Die Stimmung unter den ein paar Meilen entfernten Christen in den palästinensischen Städten Bethlehem und Ramallah war noch weniger fröhlich. Christen in den besetzten Gebieten können Jerusalem nur mit einer Sondergenehmigung besuchen, die während der Pandemie noch schwieriger zu beschaffen ist. Während die meisten Israelis jetzt geimpft sind, hat die überwiegende Mehrheit der Palästinenser keine einzige Dosis erhalten.

Israel hat mehr als 100.000 Palästinenser im besetzten Westjordanland mit Impfstoffen versorgt, von denen fast alle in Siedlungen in Israel oder im Westjordanland arbeiten. Palästinensische Beamte haben rund 150.000 weitere Dosen erhalten.

Israel sagt jedoch, es sei nicht verpflichtet, den Rest der palästinensischen Bevölkerung zu impfen, und zitiert eine Klausel der Osloer Friedensabkommen der neunziger Jahre, in der die Gesundheitspflichten an palästinensische Beamte übertragen wurden. Kritiker sagen, es liege immer noch in der Verantwortung Israels, zu helfen. Sie zitieren die internationale Gesetzgebung, die eine Besatzungsmacht zur Überwachung der Gesundheitsversorgung der besetzten Bevölkerung erfordert, sowie eine separate Klausel der Oslo-Abkommen, die besagt, dass Israel während der Epidemien mit Palästinensern zusammenarbeiten muss.

In beiden Fällen sind die Infektionsraten in den besetzten Gebieten immer noch hoch und die Impfraten niedrig – und das hat die Anzahl der palästinensischen Christen begrenzt, denen dieses Jahr die Erlaubnis erteilt wurde, zu Ostern nach Jerusalem einzureisen.
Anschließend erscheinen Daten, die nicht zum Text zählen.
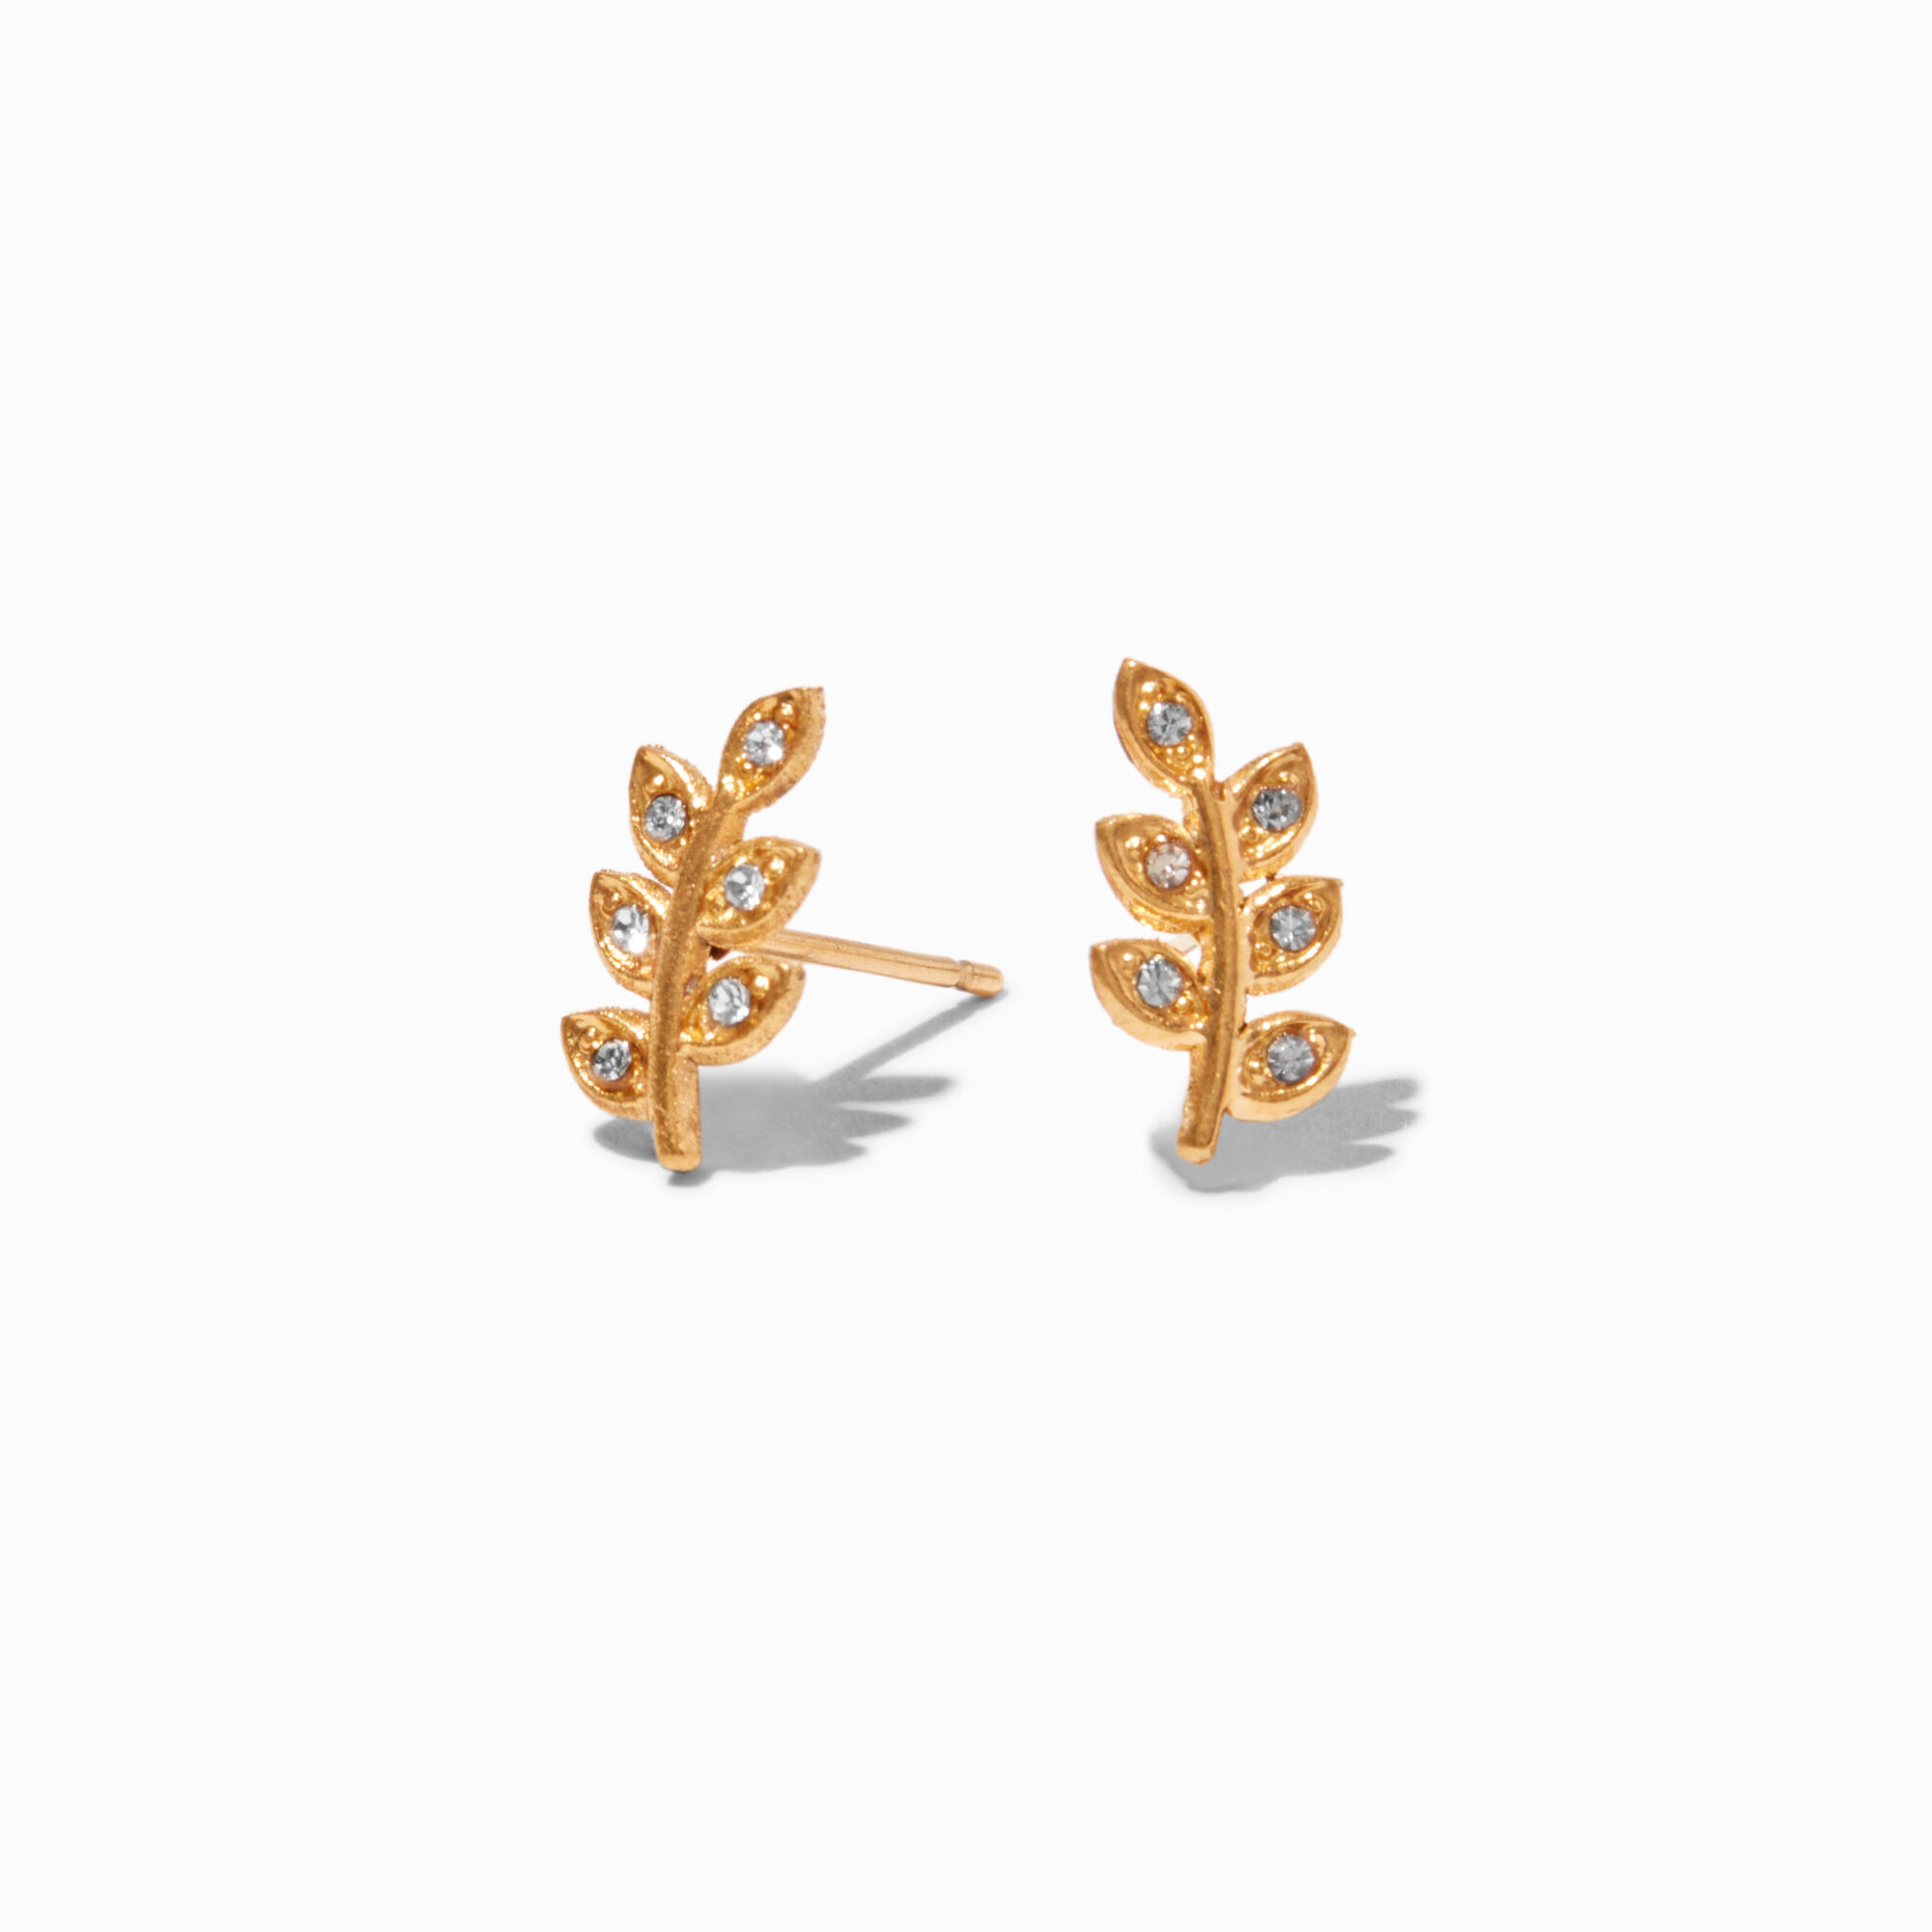 View Claires Titanium Crystal Leaf Stud Earrings Gold information

Ein Sprecher der israelischen Regierung lehnte es ab, die endgültige Zahl bekannt zu geben.

“Ohne Erlaubnis können wir nicht kommen”, sagte der Pfarrer Jamal Khader, der römisch-katholische Pfarrer in Ramallah. “Es ist ein Zeichen für die ständige Präsenz der Besatzung und die Bewegungseinschränkungen.”

Aber die Kreuzigung und Auferstehung Christi ist immer noch eine geistige Nahrung für eine verzweifelte Bevölkerung, sagte Pater Khader, der persönlich durch seine Arbeit mit der Kirche nach Jerusalem einreisen darf.

“Wir identifizieren uns mit den Leiden Christi am Karfreitag”, sagte er.

“Dann”, fügte er hinzu, “finden wir am Ostersonntag Hoffnung.”